FileVersion Ändert die Dateiversion, sowohl im Text- als auch Binärformat. (Einzelheiten finden Sie unter Version weiter unten.)
InternalName Ändert den internen Namen.
Language Ändert den Sprachcode.
Bitte beachten Sie, dass hexadezimale Zahlen das Präfix 0x haben müssen.
LegalTrademarks Ändert die rechtlichen Informationen bezüglich des Markenzeichens.
Name Ändert den Produktnamen und den internen Namen.
OrigFilename Ändert die Informationen bezüglich des originalen Dateinamens.
ProductName Ändert den Produktnamen.
ProductVersion Ändert die Produktversion, sowohl im Text- als auch Binärformat. (Einzelheiten finden Sie unter Version weiter unten.)
Version Ändert die Dateiversion und die Produktversion, sowohl im Text- als auch Binärformat.
Ahk2Exe füllt die binären Versionsfelder mit den via Punkte getrennten Zahlen (bis zu vier), die am Anfang des Versionstextes stehen können. Ungefüllte Felder werden auf Null gesetzt. 1.3-Alpha beispielsweise würde die binäre Versionsnummer 1.3.0.0 erzeugen. Wenn diese Eigenschaft nicht geändert wird, wird standardmäßig die AutoHotkey-Version verwendet, die zum Kompilieren des Skripts verwendet wurde.
Wert
Der Wert, auf den die Eigenschaft gesetzt werden soll.

Set

Ändert Eigenschaften in den Versionsinformationen der kompilierten EXE-Datei, die nicht von der SetEigenschaft-Direktive abgedeckt werden. Beachten Sie, dass alle Eigenschaften in alphabetischer Reihenfolge verarbeitet werden, unabhängig von der Reihenfolge, in der sie angegeben sind. Diese Direktive ist nur für besondere Anwendungsfälle gedacht.

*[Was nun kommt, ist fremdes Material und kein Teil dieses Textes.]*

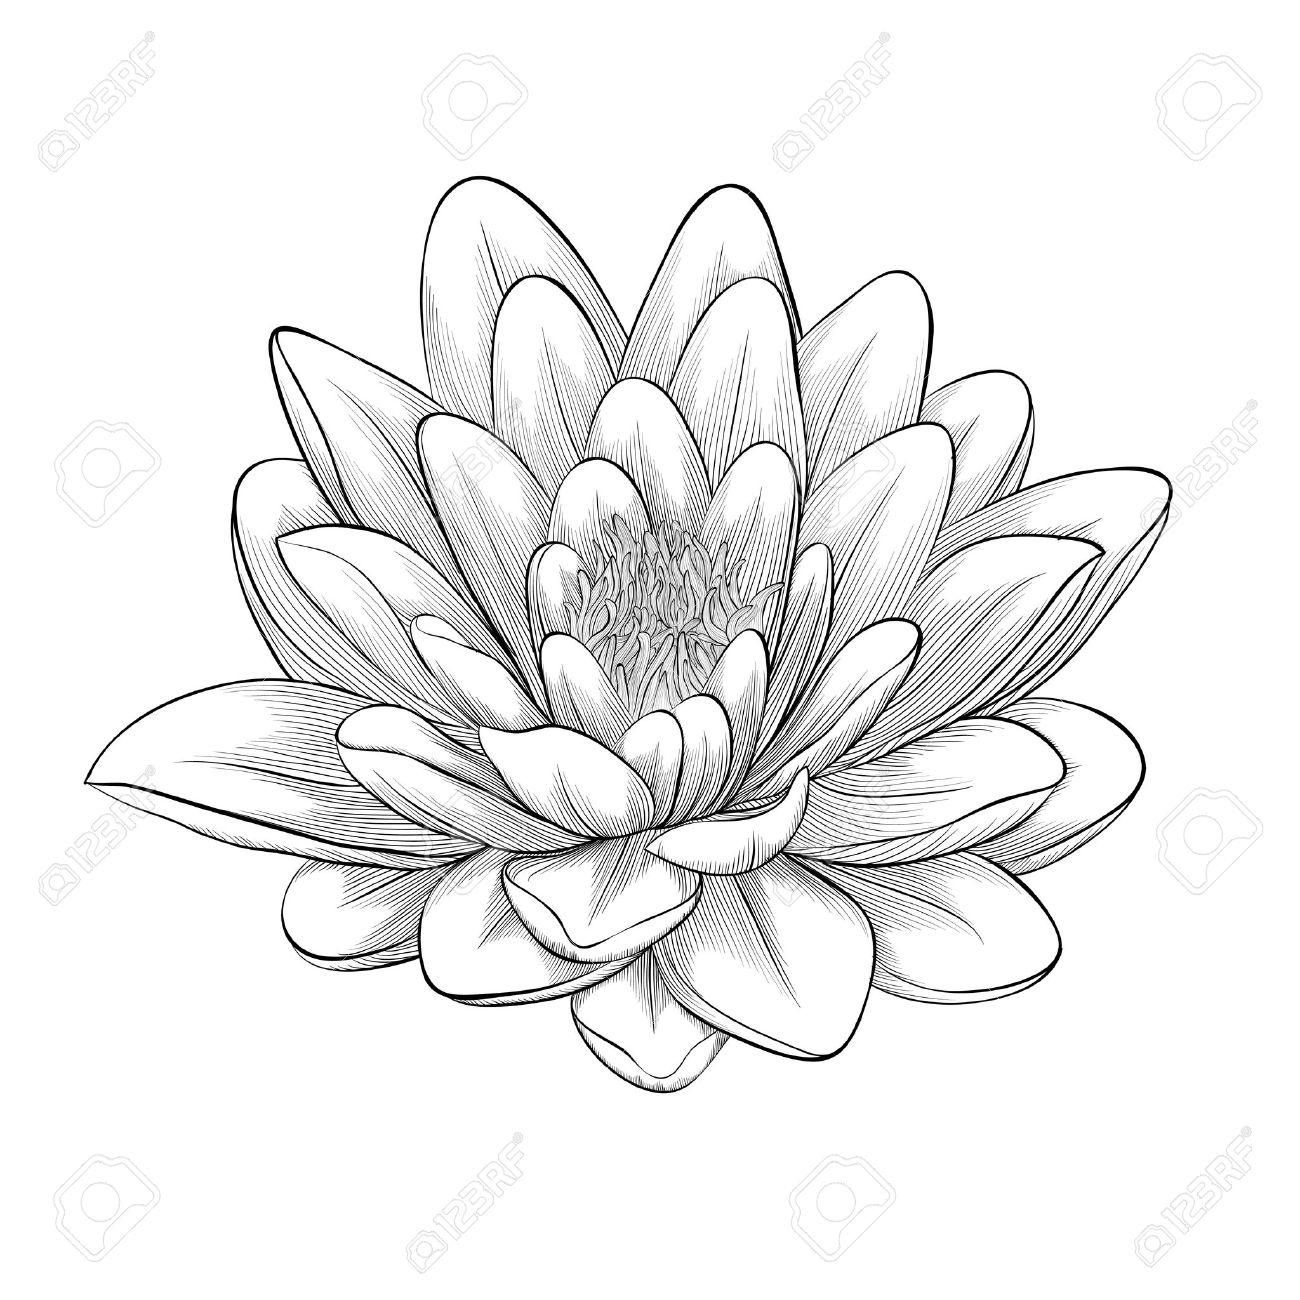 1300x1300 Lotus Flower Drawing Black And White Beautiful Monochrome, Black

;@Ahk2Exe-Set Eigenschaft, Wert
Eigenschaft
Der Name einer Eigenschaft, die geändert werden soll.
Wert
Der Wert, auf den die Eigenschaft gesetzt werden soll.

UpdateManifest

Ändert Einzelheiten im Manifest der EXE-Datei. Diese Direktive ist nur für besondere Anwendungsfälle gedacht.

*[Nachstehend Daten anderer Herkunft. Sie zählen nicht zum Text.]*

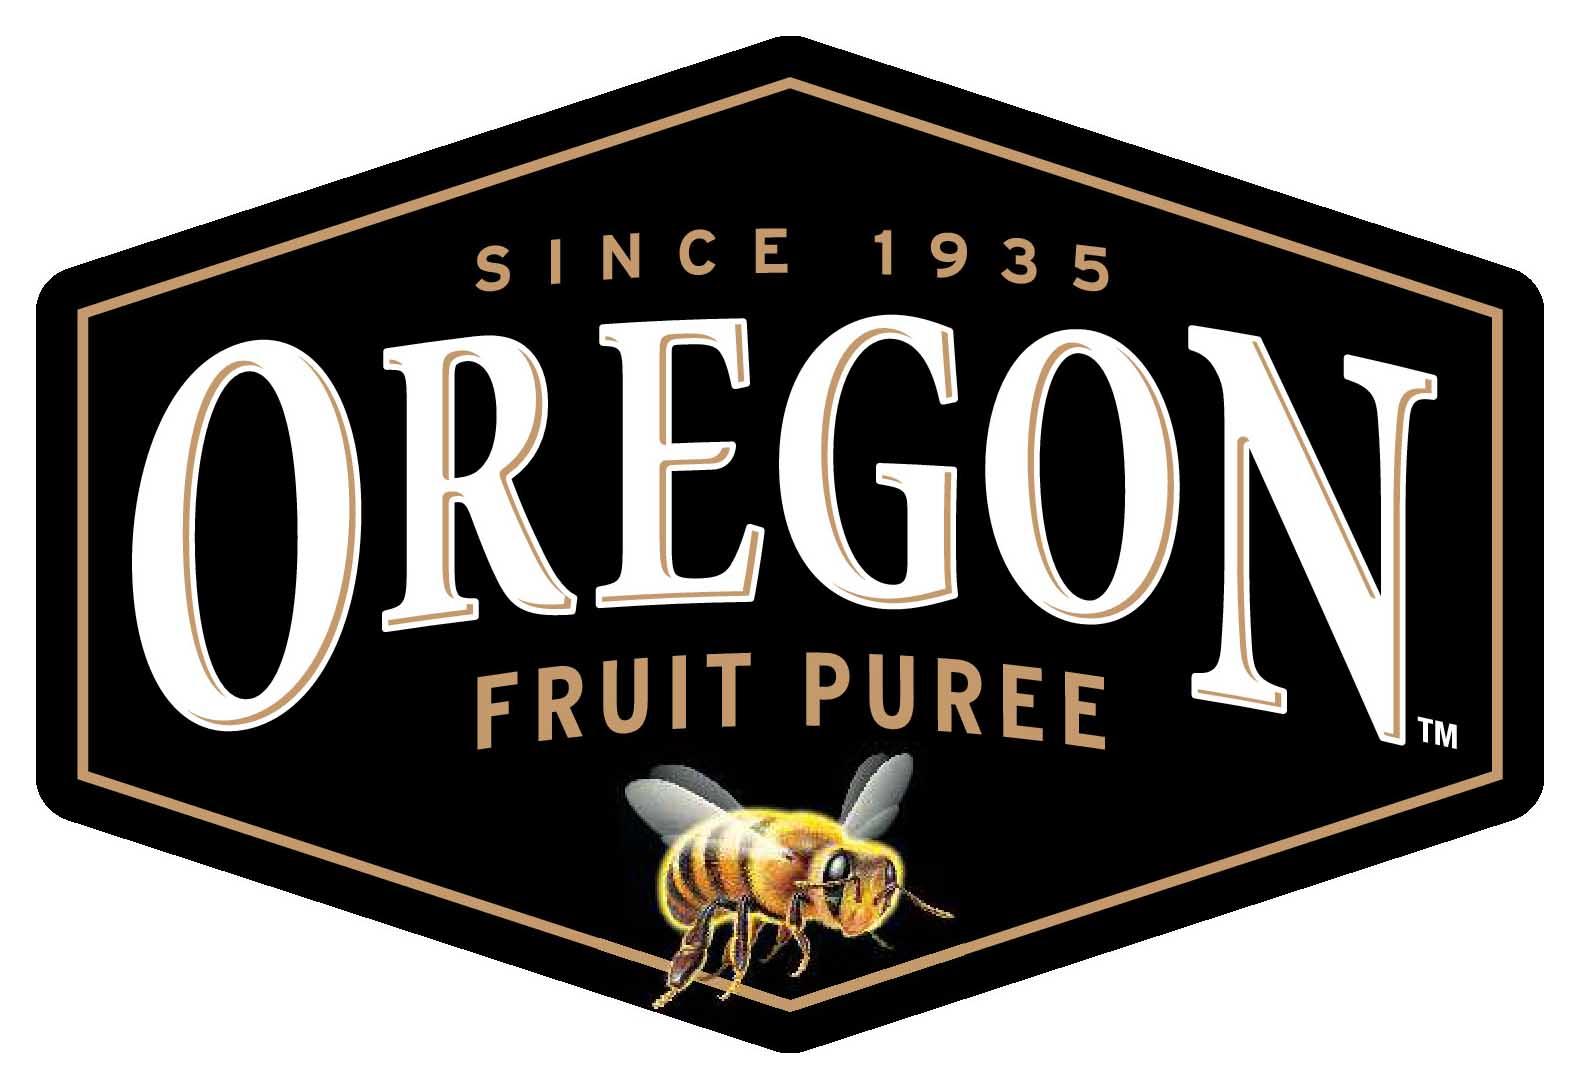 Oregon Fruit Puree logo

;@Ahk2Exe-UpdateManifest BenötigtAdmin , Name, Version, UIAccess
BenötigtAdmin
Setzen Sie diesen Parameter auf 1, um die EXE-Datei nur mit administrativen Rechten ausführen zu lassen. Setzen Sie ihn auf 2, um die EXE-Datei nur mit den höchsten verfügbaren Rechten ausführen zu lassen. Setzen Sie ihn auf 0, um ihn unverändert zu lassen.
Name
(Optional) Ein Name, der im Manifest gesetzt werden soll.
Version
(Optional) Eine Version, die im Manifest gesetzt werden soll.
UIAccess
(Optional) Setzen Sie diesen Parameter auf 1, um UIAccess im Manifest zu aktivieren.

UseResourceLang

Ändert die Ressourcensprache, welche von AddResource verwendet wird. Diese Direktive ist von der Position abhängig und beeinflusst alle nachfolgenden AddResource-Direktiven.

;@Ahk2Exe-UseResourceLang Sprachcode
Sprachcode
Der Sprachcode. Bitte beachten Sie, dass hexadezimale Zahlen das Präfix 0x haben müssen. Die Standard-Ressourcensprache ist US English (0x0409).